**Task to carry out:** Since the records include pictures, leave those out while you reproduce exactly and only the lines from the one containing "3 CHINA NOTES 5 JIAO 1980 - China" through the one containing "The Life and", inclusive.

**Data provided:**
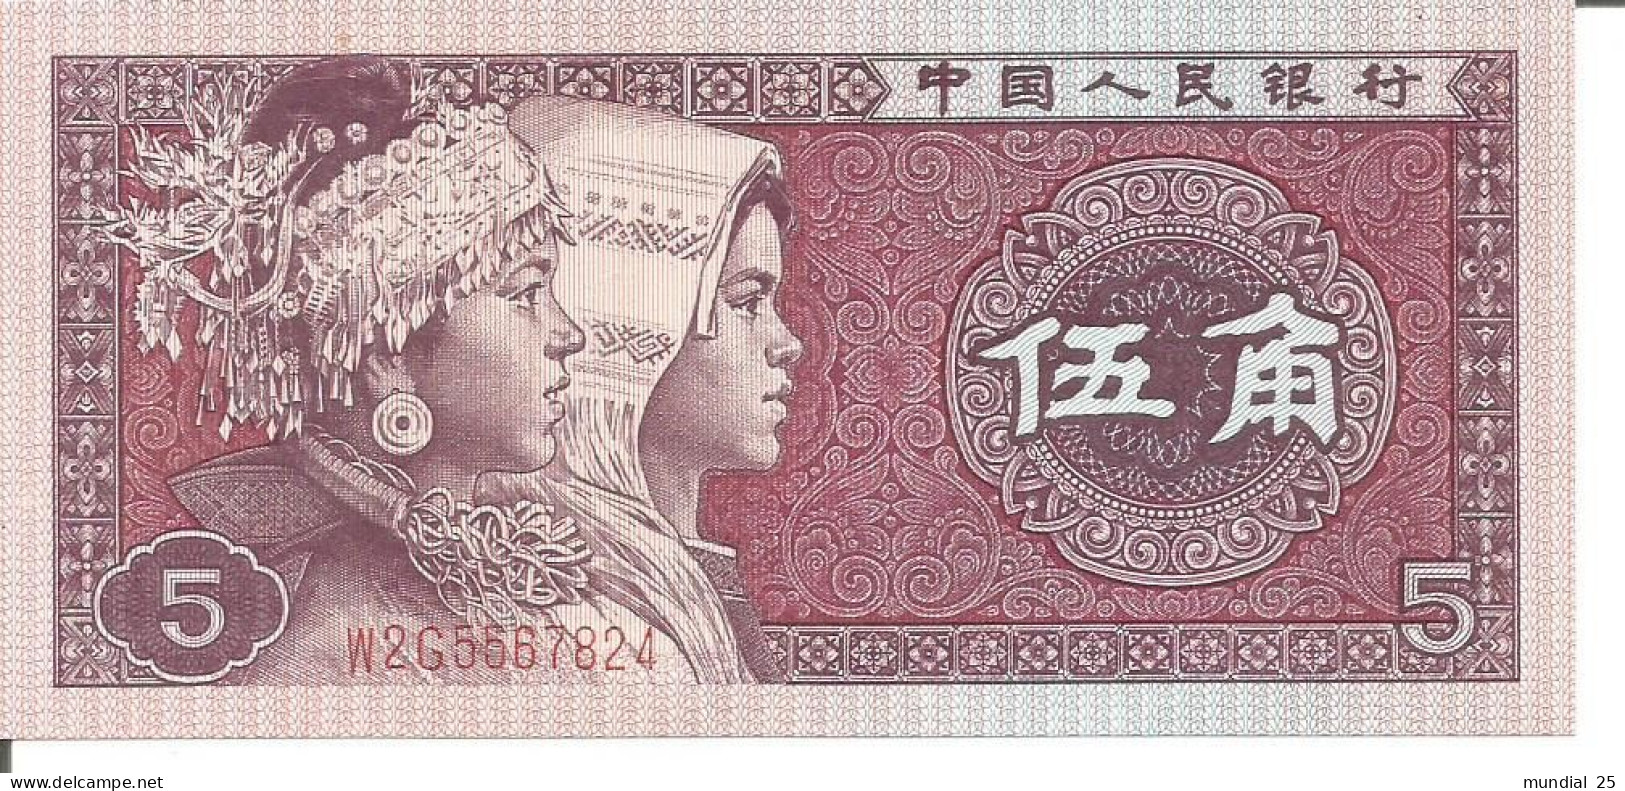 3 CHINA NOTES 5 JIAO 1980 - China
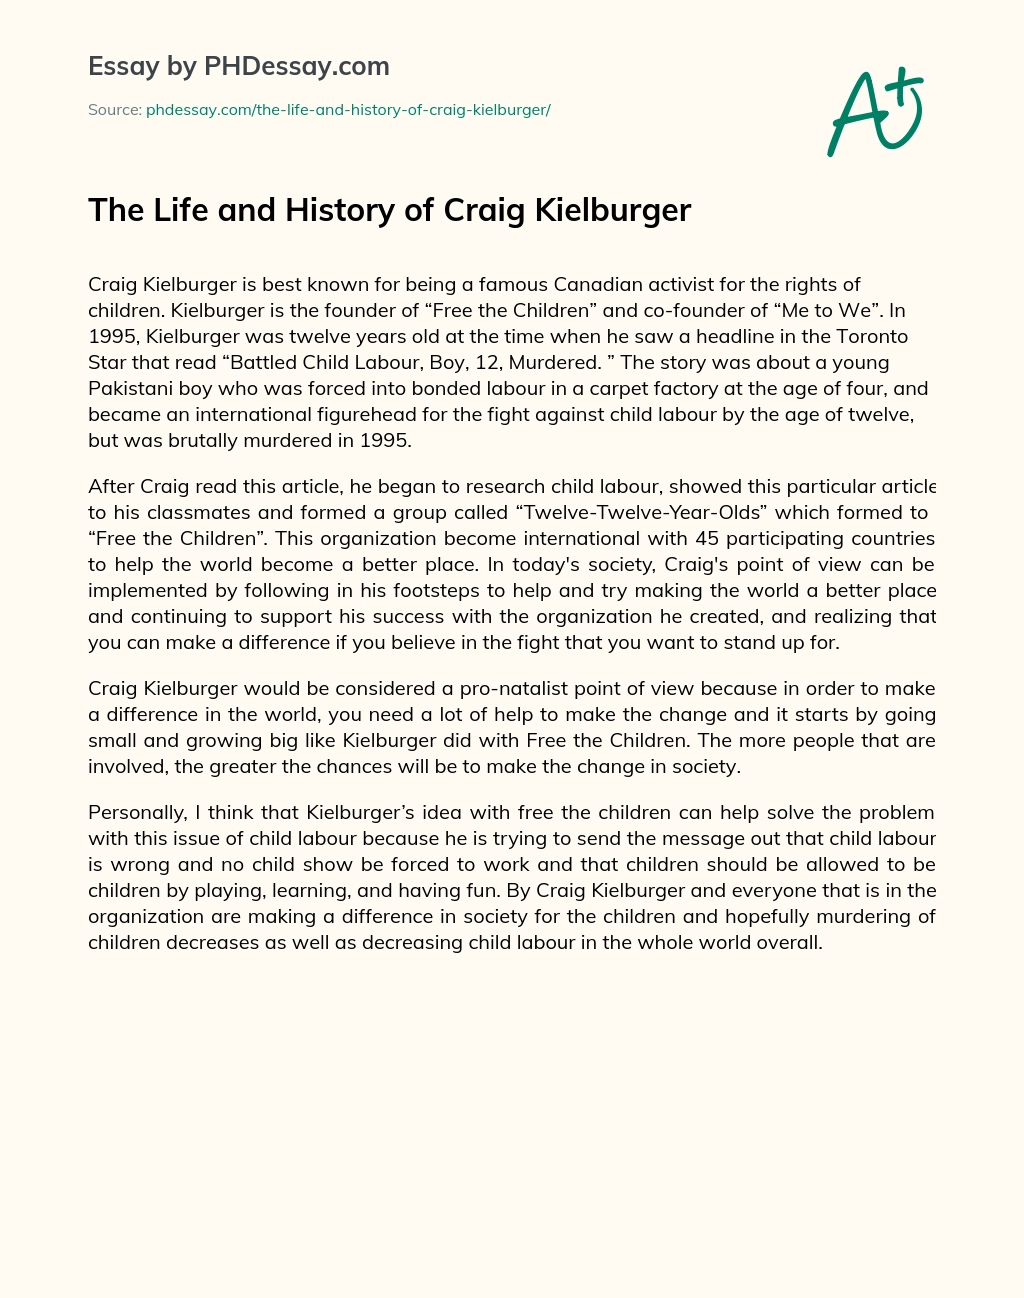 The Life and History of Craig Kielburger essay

---

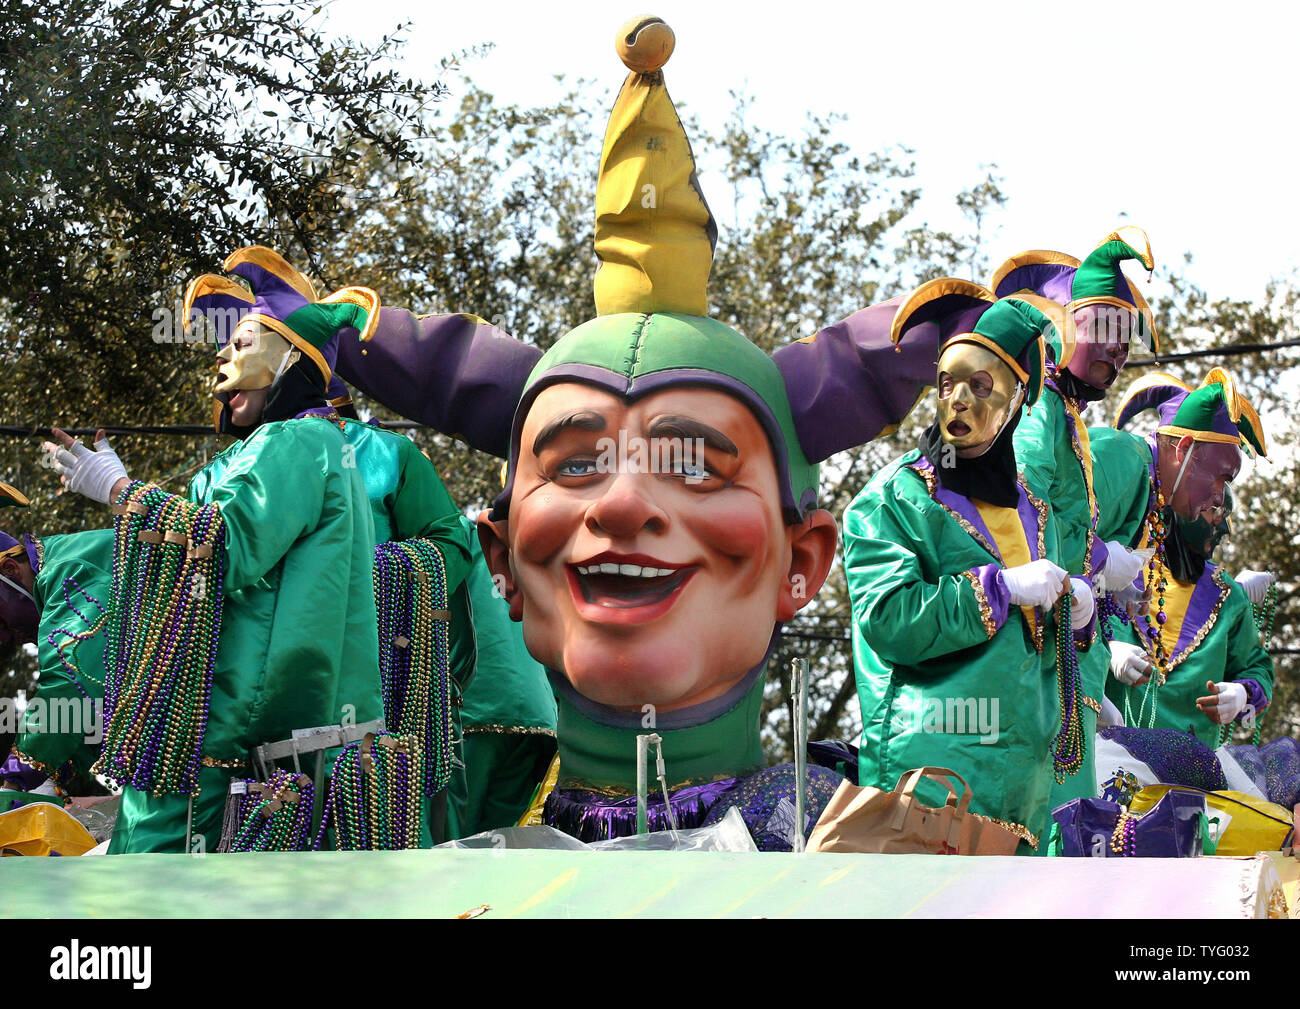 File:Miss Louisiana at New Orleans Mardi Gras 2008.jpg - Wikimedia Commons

**Written reply:**
 3 CHINA NOTES 5 JIAO 1980 - China
 The Life and History of Craig Kielburger essay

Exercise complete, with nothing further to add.